Appreciation

Mid week I rated as yummy a bottle of wine offered to me. There were already three other reviews under the same label: one yum, one hmm and one yuk. That left me wondering about wine reviews and differences in general. Few people are able to pass an independent opinion about wine, especially women. I suspect that most of them rate a wine accordingly to a successful or unsuccessful date, and not to the wine itself. We all have different approaches to rating and sometimes they are strangers to the intrinsic qualities of the wine. My top reason to rate a wine as bad or good is my migraine mechanism, the taste coming only in second. If a wine tastes good and the next day I suffer from a bad migraine, it means I’ve been drinking bad stuff. In general it works, but I have to admit that sometimes my migraine might have been related with some other issue and my judgment was unfair.
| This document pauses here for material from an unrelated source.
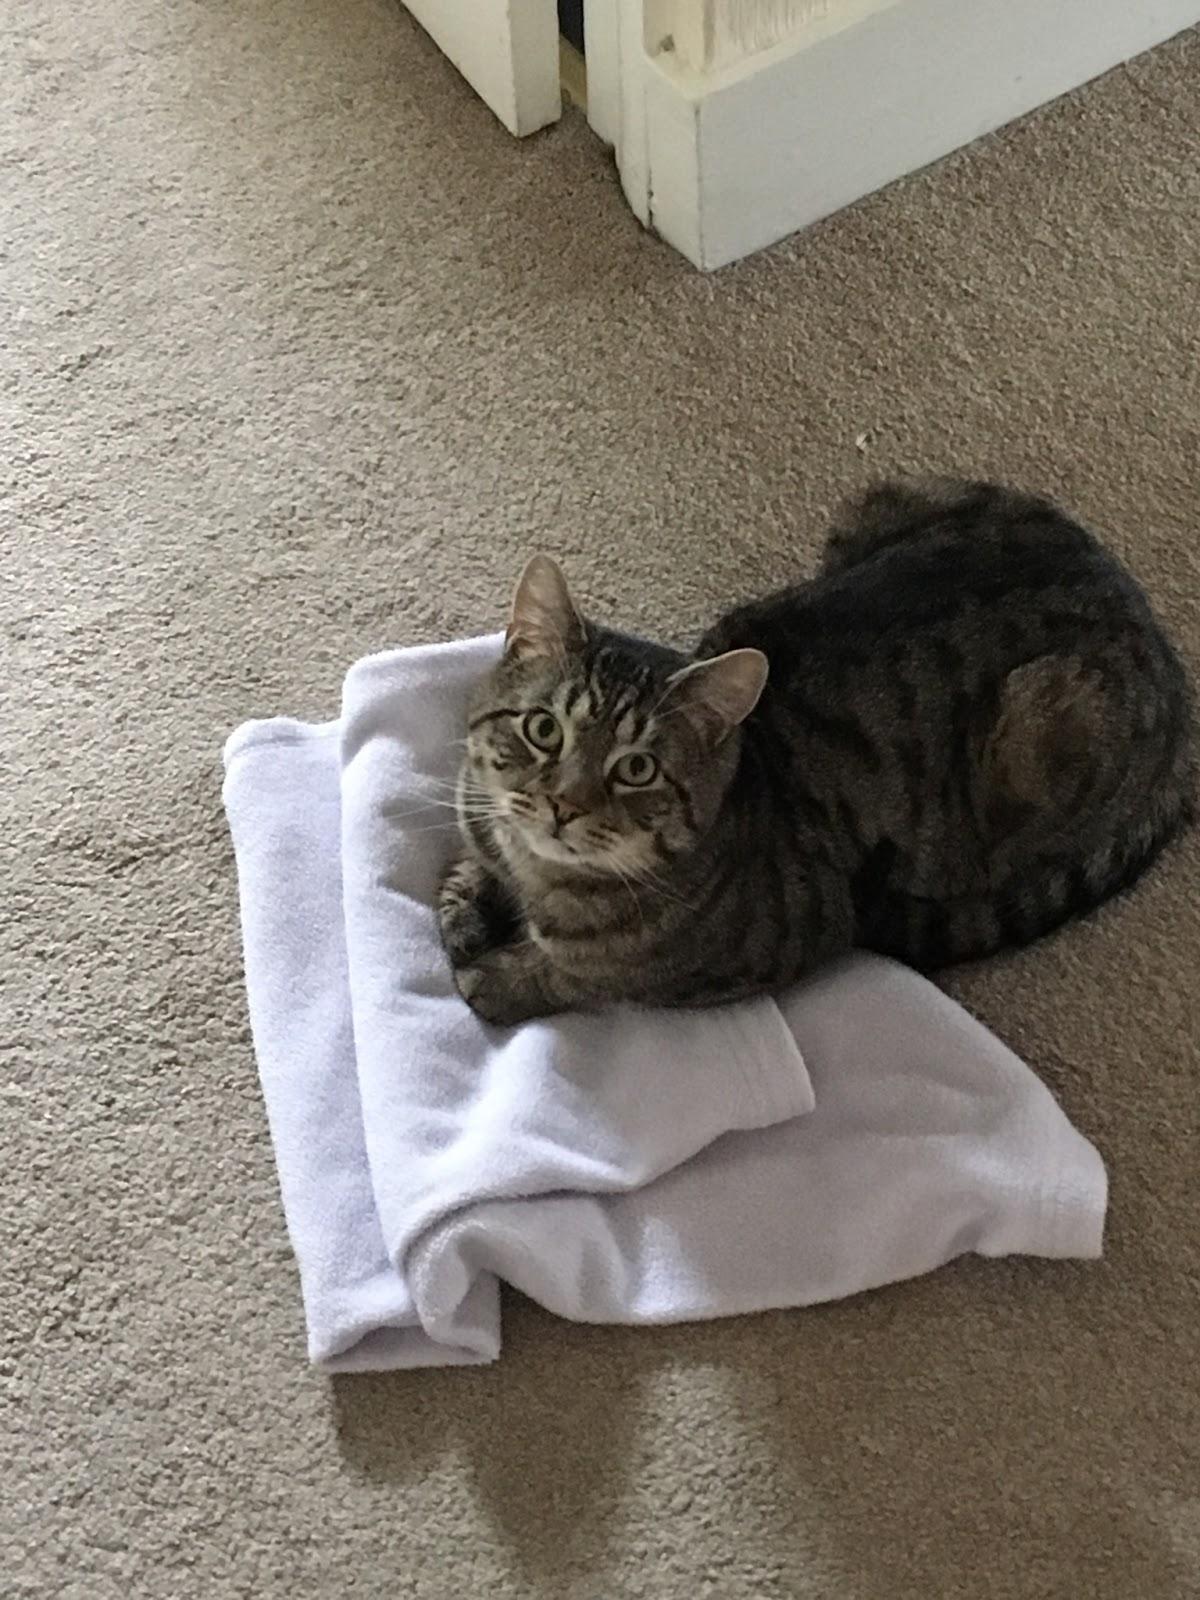 Mufasa on a blanket

Surprise, surprise, the above paragraph is only marginal in terms of this post. Sometimes I touch the subject of resenting this and that about my father. I know I shouldn’t have loved him so much for half my life, so that I wouldn’t have to feel pretty disappointed the other half. These days I look back with a more impartial look and find a man that had good and bad.
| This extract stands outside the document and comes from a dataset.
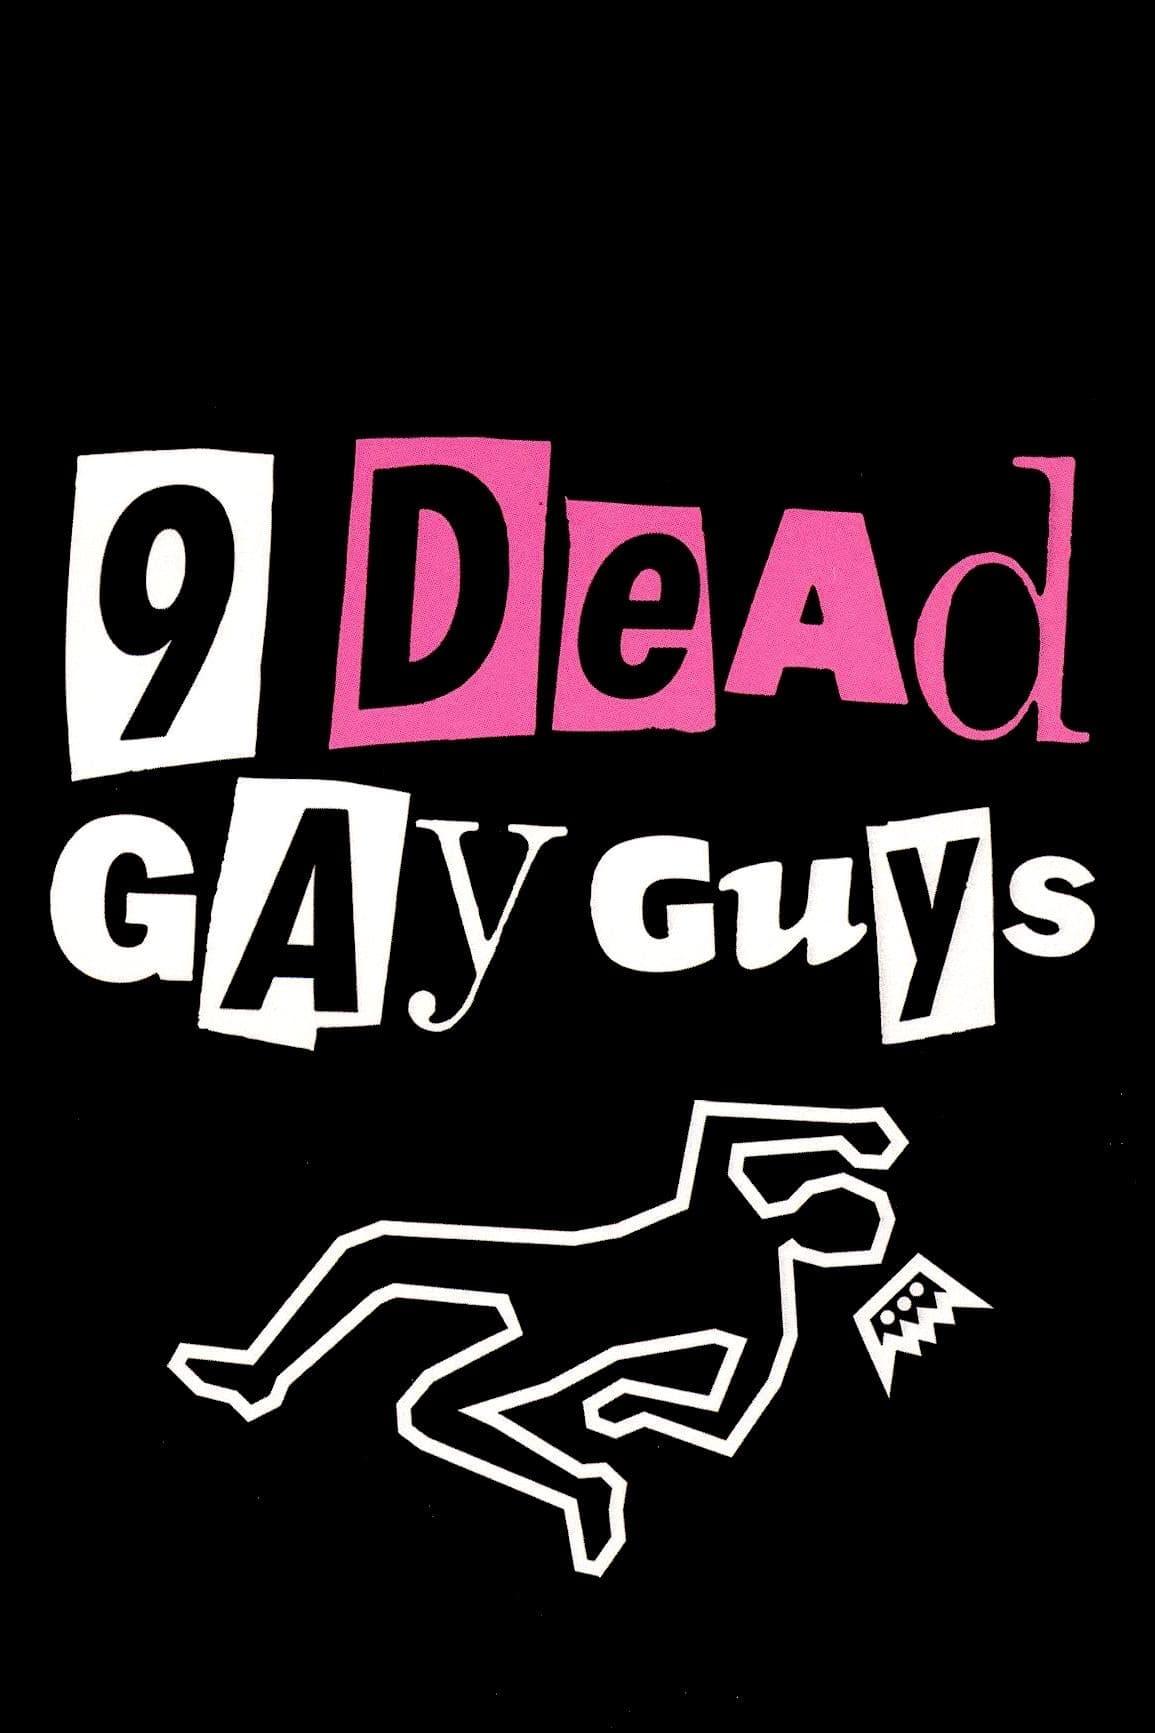 9 Dead Gay Guys

There were three major visible traces of his personality: playfulness, emotiveness and selfishness. I was captivated by his playfulness, felt uneasy towards his emotiveness and hated his selfishness. The curious is that, lately, one of his less perceived characteristics has been coming back with a disturbing persistence, living inside me and changing the way I see him and people in general.

Instead of using adjectives, I’ll give you a good example of the aspect I am talking about. Since I live in Mozambique he visited us three times, two of them he stayed with us for a couple of weeks. He was always polite with people, thanking with words and smiles any attention or favor received, but during those two occasions I remarked how he noticed the work other people realized for him. Before traveling back to Portugal, he called our maid and gave her a present accompanied with the thanks for the few shirts she ironed for him. It was a very touching thing to watch and she (and I) never forgot it. The second time he gave an envelop with some money to my cook Mario, joking with the fact that he deserved it just for sharing the same name with him.

I know I inherit many of his faults (his rages namely) but I am sure that his politeness and his capacity of appreciating the work others realize – even the humblest ones – were passed to me. I resent not to see those qualities around but a family is a kaleidoscope of influences and circumstances. Maybe one day I’ll also have the opportunity to pass them, unaware that one given occasional gesture will speak more than a thousand words.